Ich trat vor und betrachtete den Toten. Dann zog ich das Messer aus seinem Rücken und säuberte es an seiner Tunika. Ich schob es in eine der sieben Scheiden, die an dem geschmeidigen Ledergürtel festgenäht waren, der mir über der linken Schulter hing.
»Du!« rief Boots Tarskstück.
Ich sah ihn an. Er schluckte mühsam.
Dann ging ich neben ihm in die Hocke und löste seine Fesseln. Sein erleichterter Seufzer war deutlich hörbar.
»Wo sind die anderen Räuber?« wollte er wissen.
Ich schnitt das letzte Seil durch. »Da und dort. Keine Angst. Ich habe mich um sie alle gekümmert.«
»Wie viele Männer sind bei dir?«
»Ich bin allein.«
»Du hast das allein geschafft?«
»Ja.«
»Wo hast du gelernt, ein Messer so zu werfen?«
»Im Süden«, antwortete ich, »Im tiefen Süden.«
»Du hast uns allen das Leben gerettet«, sagte er.
Wir befreiten die anderen von ihren Fesseln, nur die Sklavinnen nicht.
»Wir sind dankbar«, versicherte mir der Theaterdirektor.
»Danke«, sagte der Spieler mürrisch und unwillig, als ich seine Handfesseln löste. Er bückte sich schnell und wütend, um den Strick um die Füße zu lösen.
»Beachte ihn nicht«, sagte Boots. »Er ist ein komischer Vogel. Er hätte es vermutlich vorgezogen, sich die Kehle durchschneiden zu lassen.«
»Aber du bist dankbar?« fragte ich Boots.
»Ja«, antwortete er. »Ich bin dir dankbar.«
»Für alle Zeiten?« fragte ich mit einem Lächeln.
»Natürlich.«
»Ich glaube, daß ich dir noch mehr von Nutzen sein kann.«
»Wieso?« fragte Boots interessiert.
»Kommt alle mit mir«, sagte ich. »Und nehmt eine Fackel mit, ich will euch etwas zeigen.«
»Was denn ?« fragte Boots.
»Ich habe es vor ein paar Ehn im Wald gefunden, als ich in meinem Lager die Waffen holte.«
»Was ist es denn?« fragte er.
»Komm mit, dann wirst du es sehen.«
8
»Da, seht ihr?«
Wir standen auf einer kleinen Lichtung, nicht weit von der Straße entfernt.

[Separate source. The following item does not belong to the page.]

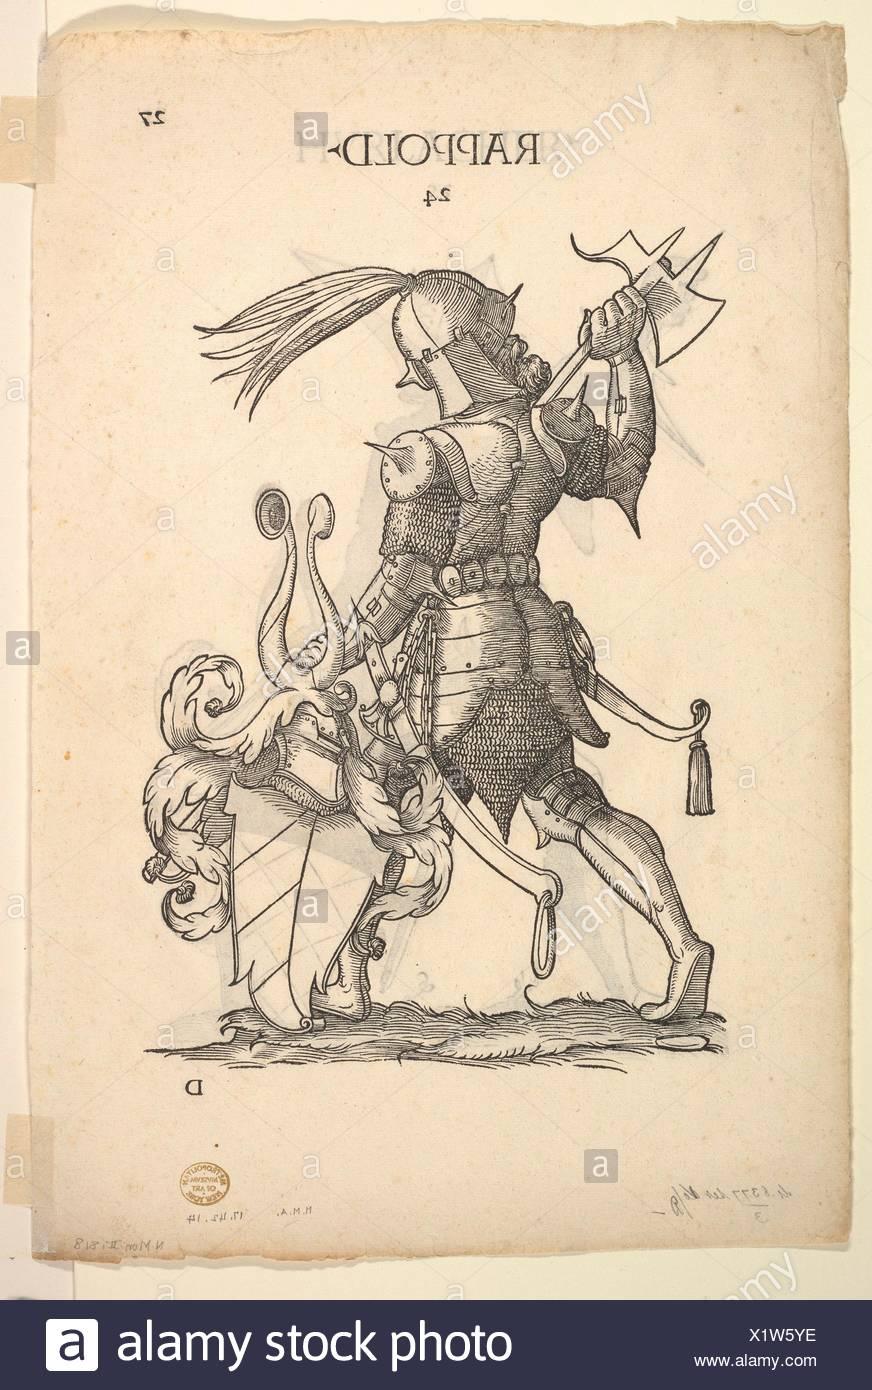 Hurlacher (recto) and Rappold (verso) Families, from Paul Hector Mair´s Bericht und anzeigen aller Herren Geschlecht der loblichen Statt Augspurg. Stock Photo

»Ja!« sagte Boots anerkennend.
»Halt die Fackel tiefer! Seht genauer hin!«
Die beiden vom Licht geblendeten Frauen sahen blinzelnd auf und stießen ein Wimmern aus. Boots bückte sich und hielt die Fackel noch näher an sie heran. Die eine Frau trug ein ärmelloses, langes weißes Gewand; es war ziemlich dünn und stellte ihre einzige Bekleidung dar. Ich konnte mir nicht vorstellen, daß sie sich das Gewand selbst ausgesucht hatte; bestimmt hatte man sie gezwungen, es anzuziehen. Es fiel nicht schwer, sich das darunter verborgene Ausmaß ihrer Schönheit vorzustellen; sie hatte prächtige Rundungen. Das galt auch für die andere Frau. Allerdings lag ihre Schönheit offen zu Tage. Sie war nackt. Beide Frauen trugen Ketten an Hand- und Fußgelenken und waren völlig hilflos.
»Hübsch«, sagte Boots.
»Ja«, sagte Chino.
»Doch«, meinte Lecchio.
Auch Petrucchio und Publius Andronicus gaben ihrer Zustimmung lautstark Ausdruck. Der mürrische Spieler war nicht bei uns. Nachdem er sich von seinen Fesseln befreit hatte, war er losgestürzt, um den Pokal aufzuheben, für den sich die Straßenräuber so interessiert hatten. Anscheinend wollte er verhindern, daß die anderen ihn zu Gesicht bekamen oder seine Bedeutung erfuhren. Er hatte den Pokal aufgehoben, war im Wagen verschwunden und auch dort geblieben. Es hatte den Anschein, als sei er nicht besonders dankbar für die Hilfe gewesen, die er erhalten hatte. Vielleicht war er einfach zu stolz. Vielleicht verabscheute er von ganzem Herzen den Gedanken, einem anderen etwas zu schulden. Zog man andererseits den Haß und die Scham in Betracht, die sein Leben zu bestimmen schienen, war es durchaus nicht unvorstellbar, daß er die Klinge des Banditenmessers willkommen geheißen hätte.